INFORMATION PROVIDED =>
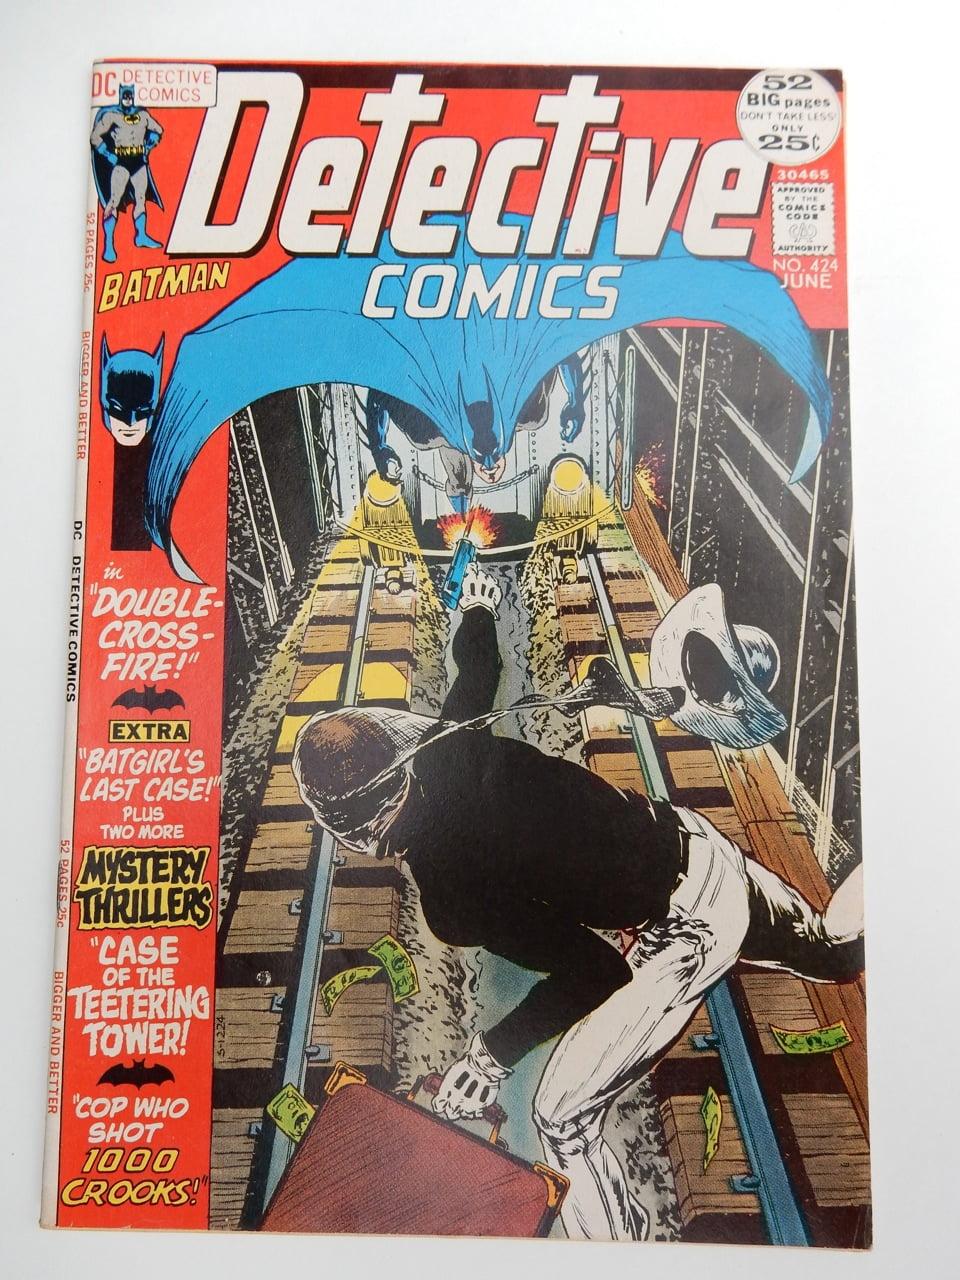 Detective Comics #424
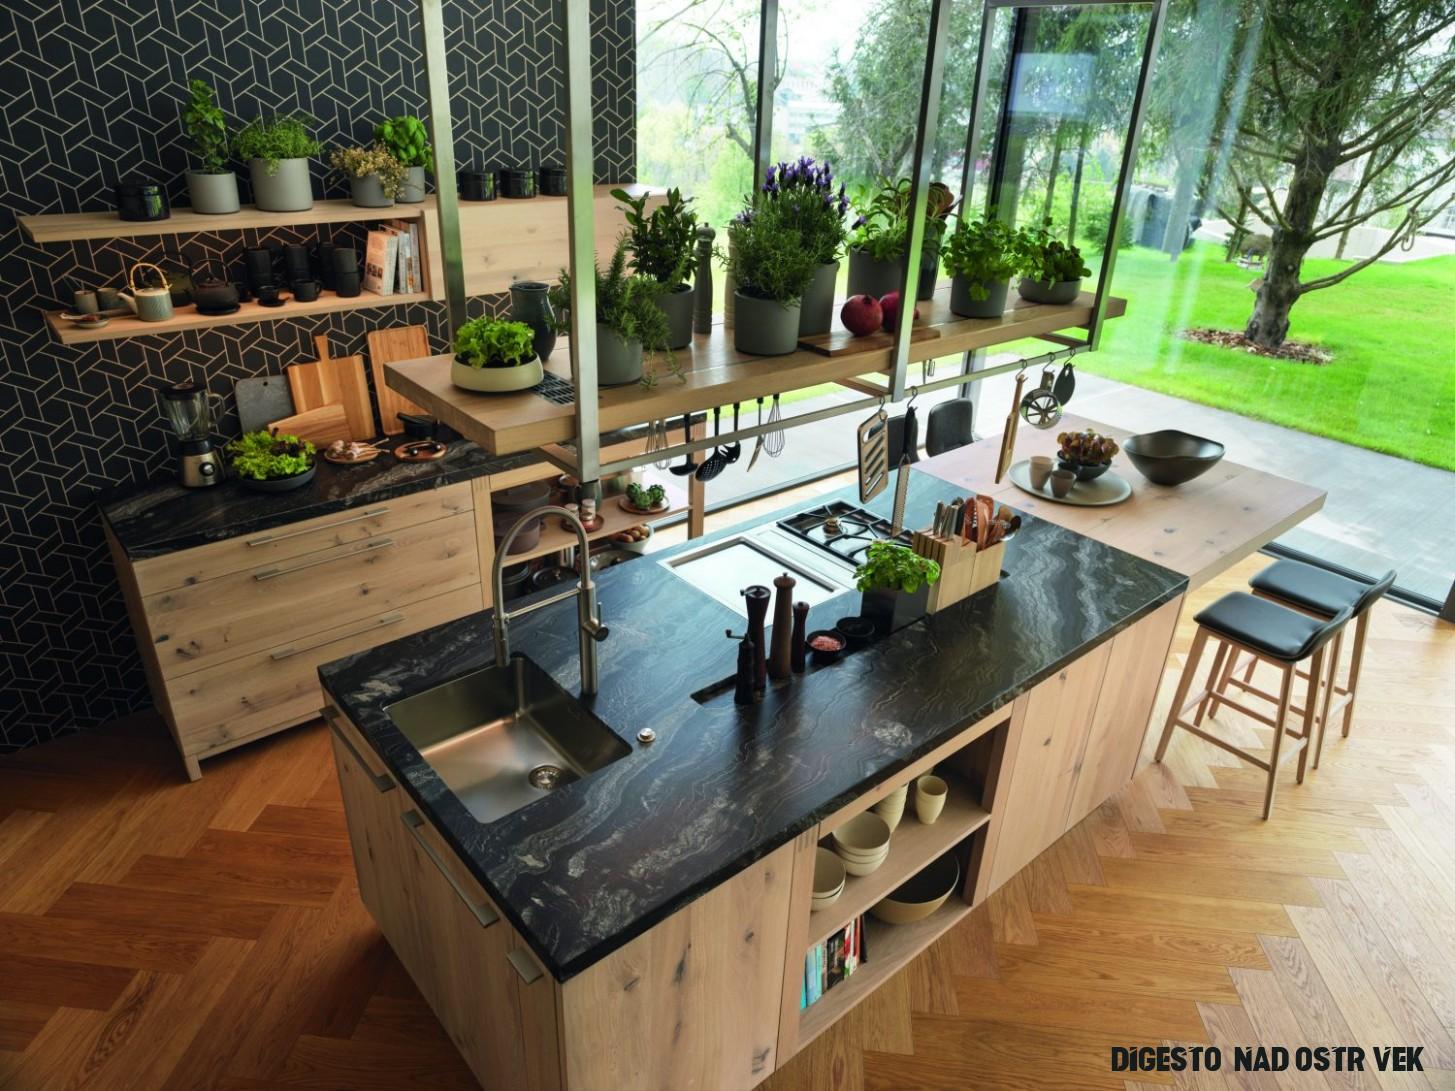 Oblíbený ostrůvek v centru kuchyně  Pěkné Bydlení
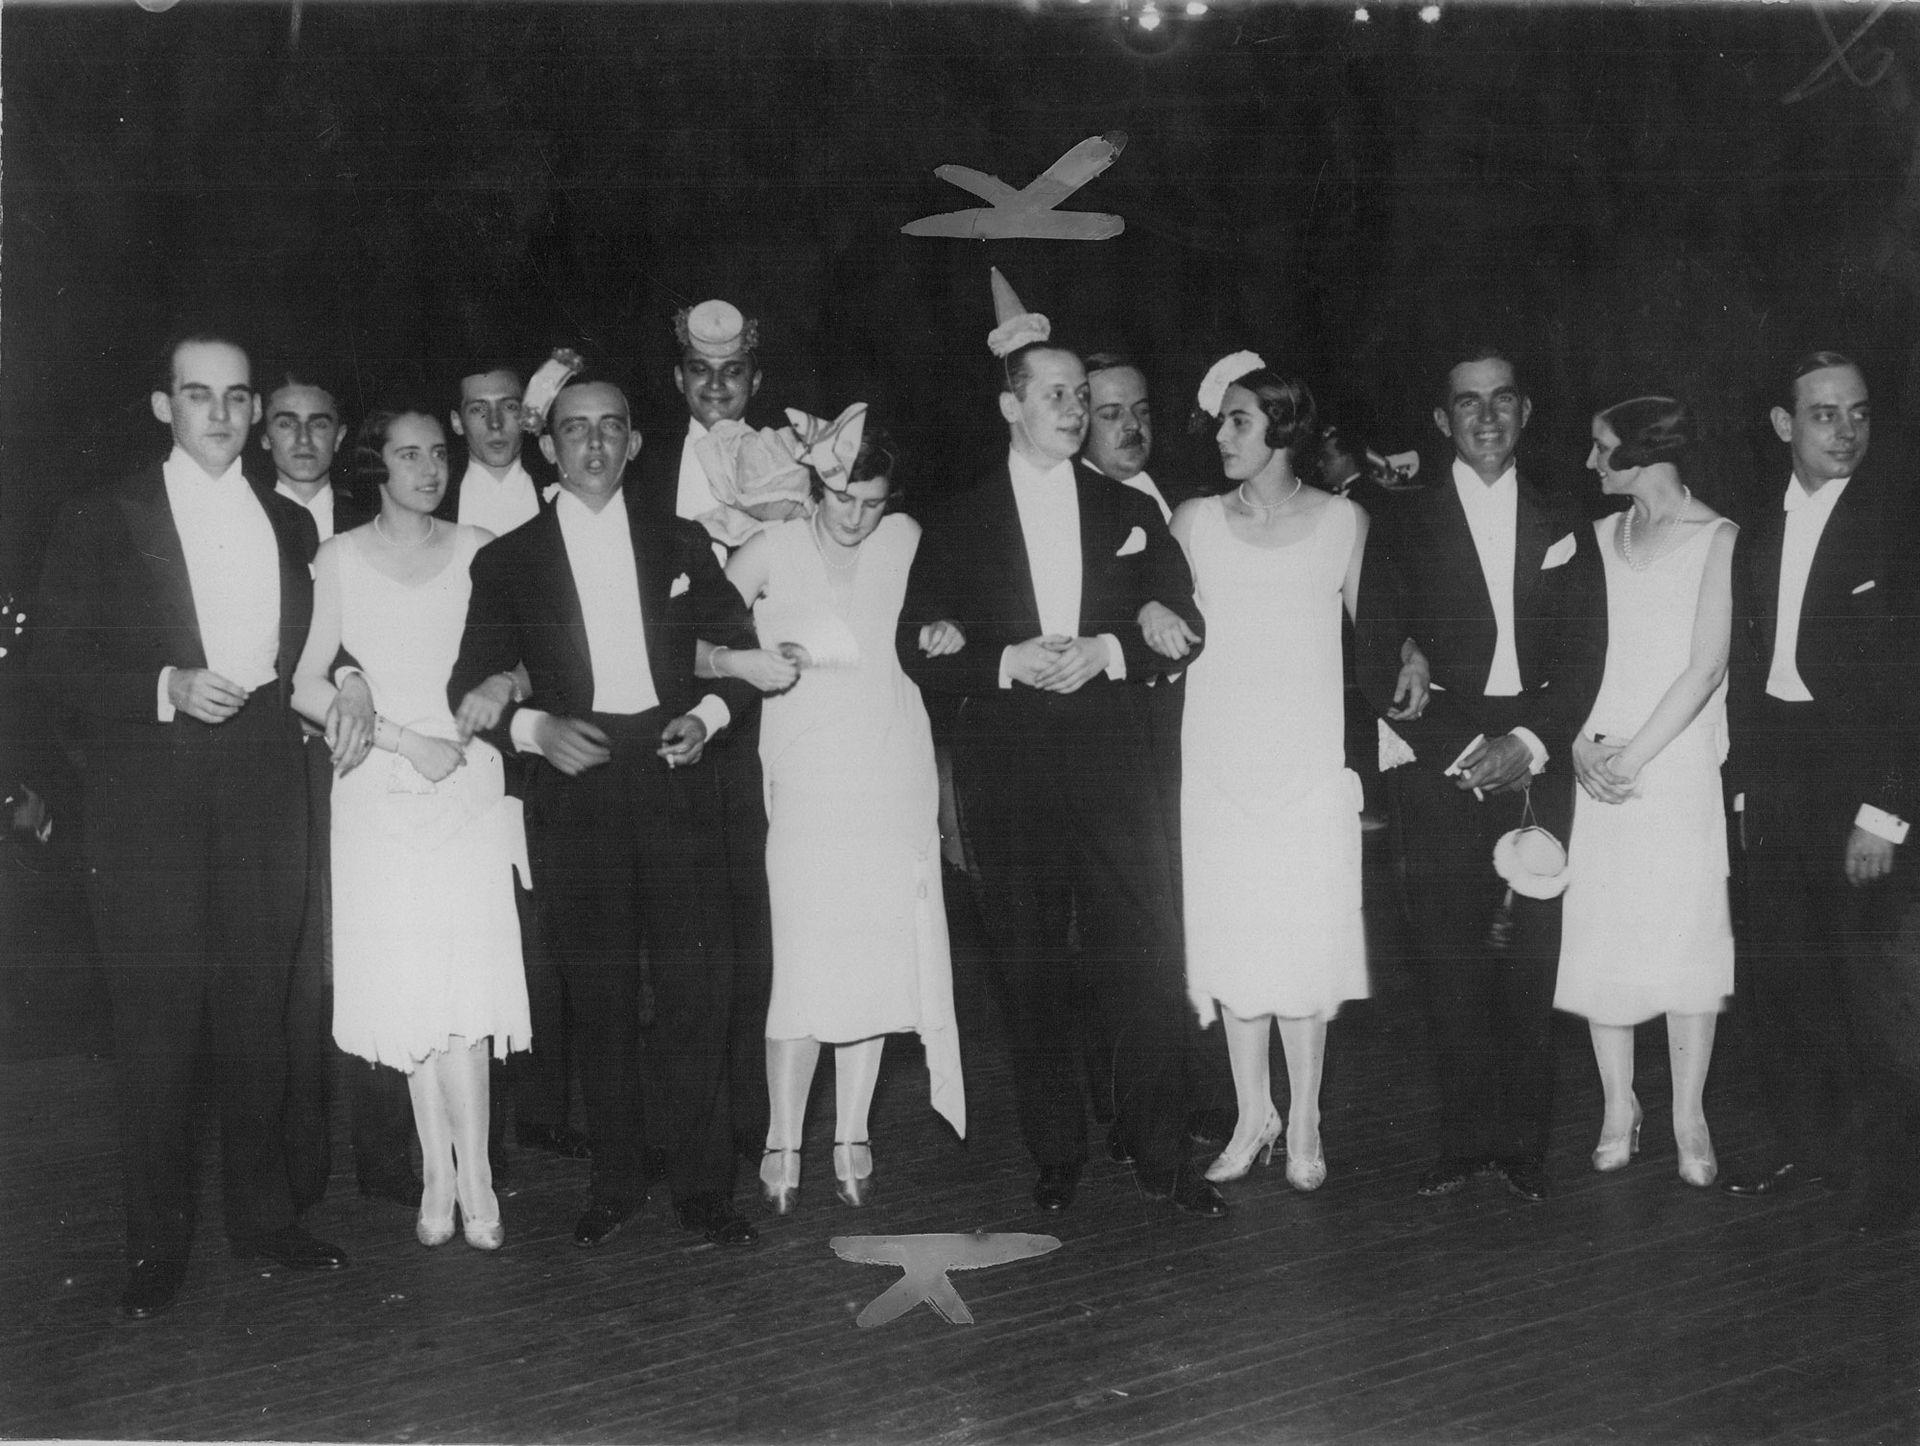 Las fiestas de Fin de Año en el Palacio Dose eran un clásico. Las organizaba Alberto Dose, hermano de Justa, que vivía también en esa residencia. Diciembre de 1926.

WHAT THE TASK REQUIRES => The listing above should be repeated word for word, with every image left out.

TASK OUTPUT =>
 Detective Comics #424
 Oblíbený ostrůvek v centru kuchyně  Pěkné Bydlení
 Las fiestas de Fin de Año en el Palacio Dose eran un clásico. Las organizaba Alberto Dose, hermano de Justa, que vivía también en esa residencia. Diciembre de 1926.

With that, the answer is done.